Typical uses include:

  • finding related concepts in text documents – looking for pairs (triplets, etc) of words that represent a joint concept: {San Jose, Sharks}, {Michelle, Obama}, etc.;

  • detecting plagiarism – looking for specific sentences that appear in multiple documents, or for documents that share specific sentences;

  • identifying biomarkers – searching for diseases that are frequently associated with a set of biomarkers;

  • making predictions and decisions based on association rules (there are pitfalls here);

  • altering circumstances or environment to take advantage of these correlations (suspected causal effect);

  • using connections to modify the likelihood of certain outcomes (see immediately above);

  • imputing missing data,

  • text autofill and autocorrect, etc.

Other uses and examples can be found in [132], [199], [200].

Causation and Correlation

Association rules can automate hypothesis discovery, but one must remain correlation-savvy (which is less prevalent among quantitative specialists than one might hope, in our experience).

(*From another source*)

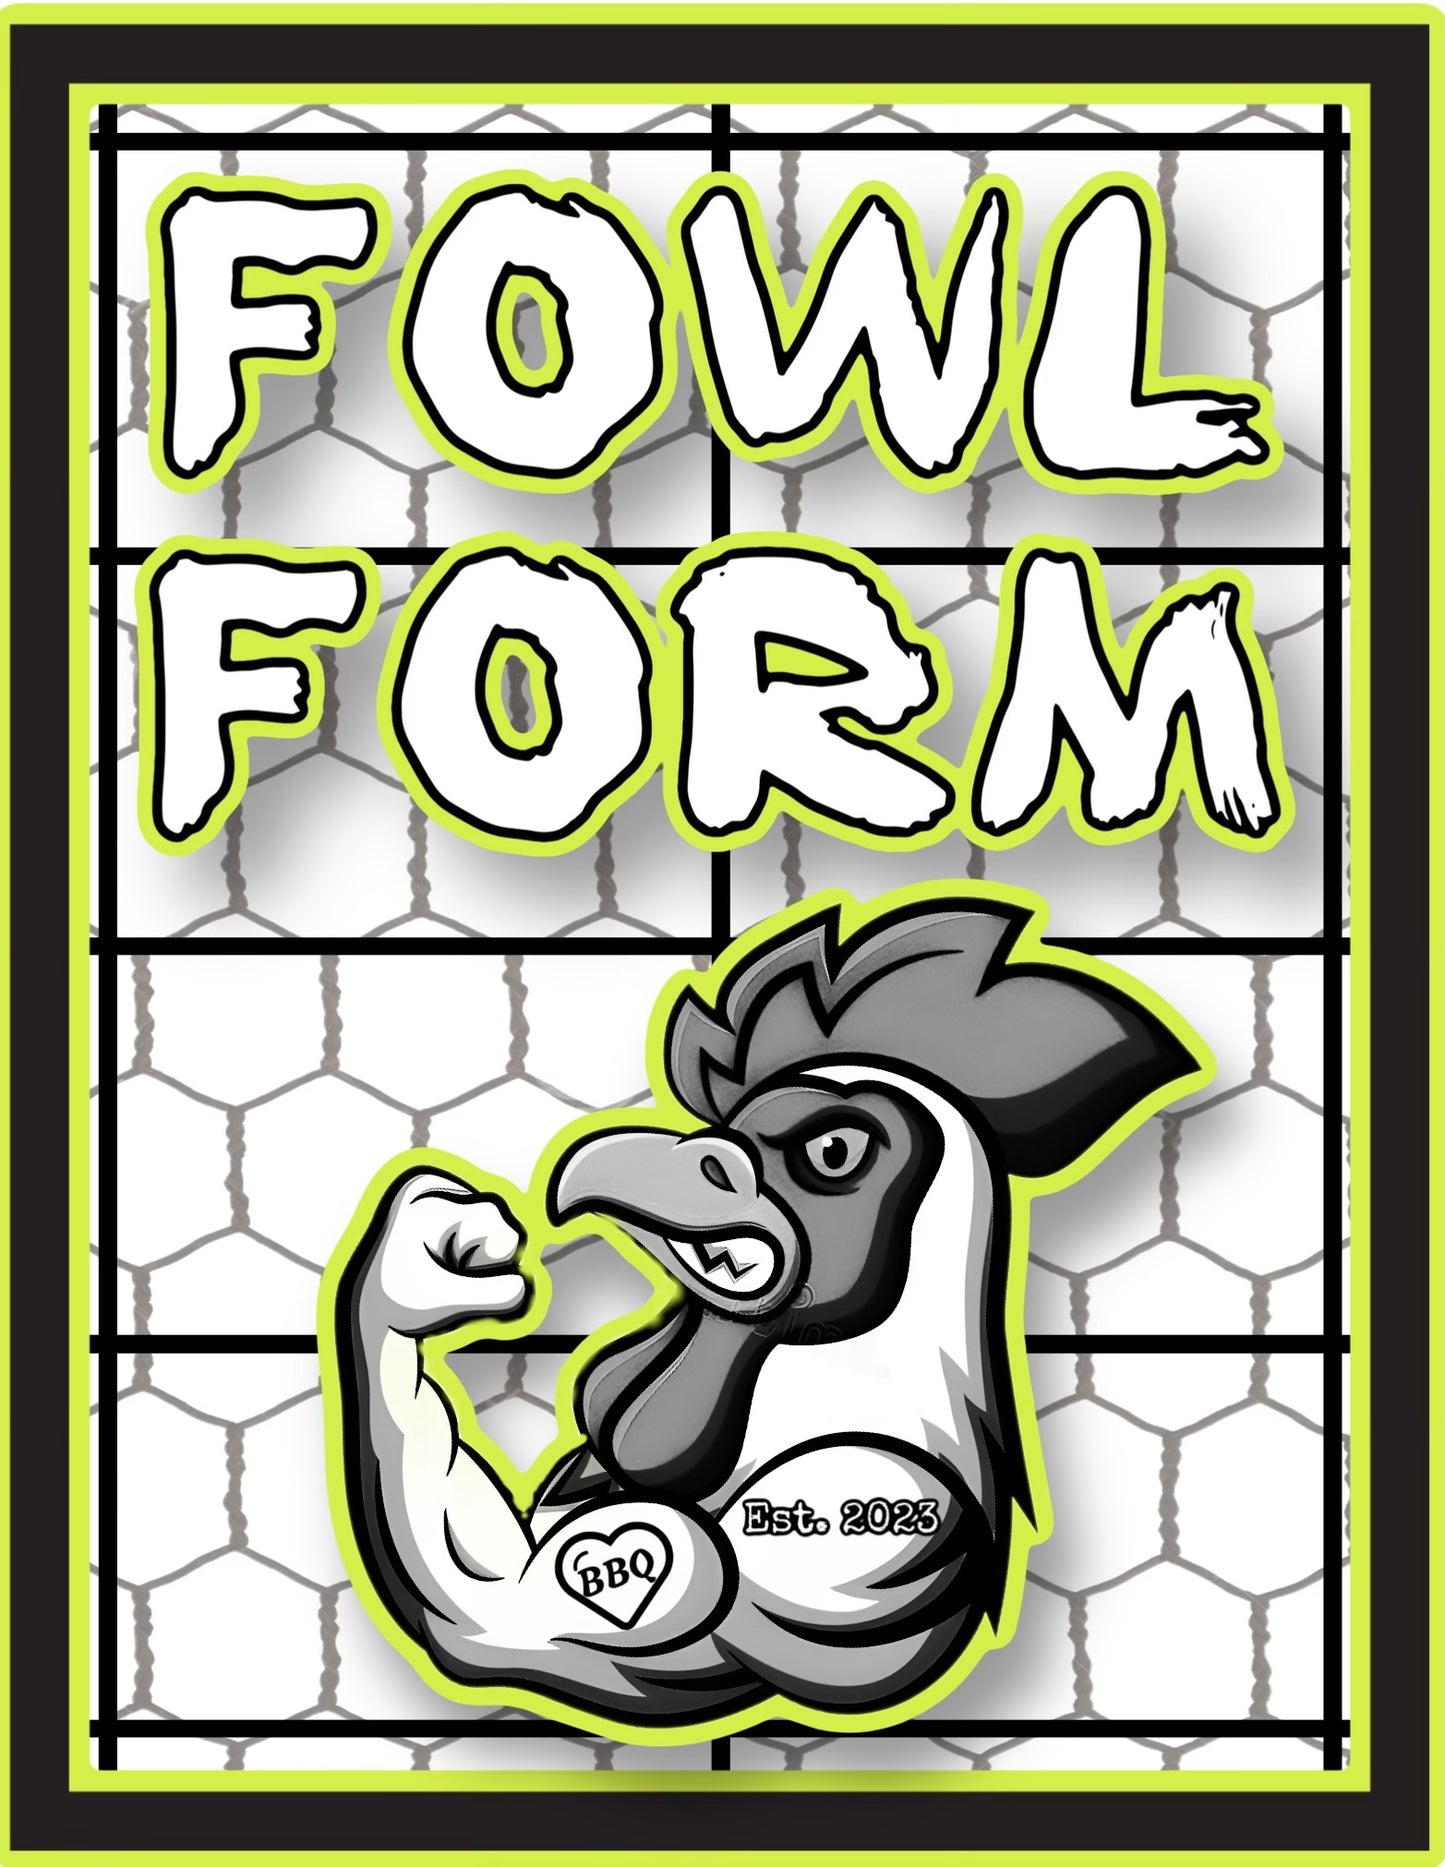 Fowl Form

If attributes \(A\) and \(B\) are shown to be correlated in a dataset, there are four possibilities:

  • \(A\) and \(B\) are correlated entirely by chance in this particular dataset;

  • \(A\) is a relabeling of \(B\) (or vice-versa);

  • \(A\) causes \(B\) (or vice-versa), or

  • some combination of attributes \(C_1,\ldots,C_n\) (which may not be available in the dataset) cause both \(A\) and \(B\).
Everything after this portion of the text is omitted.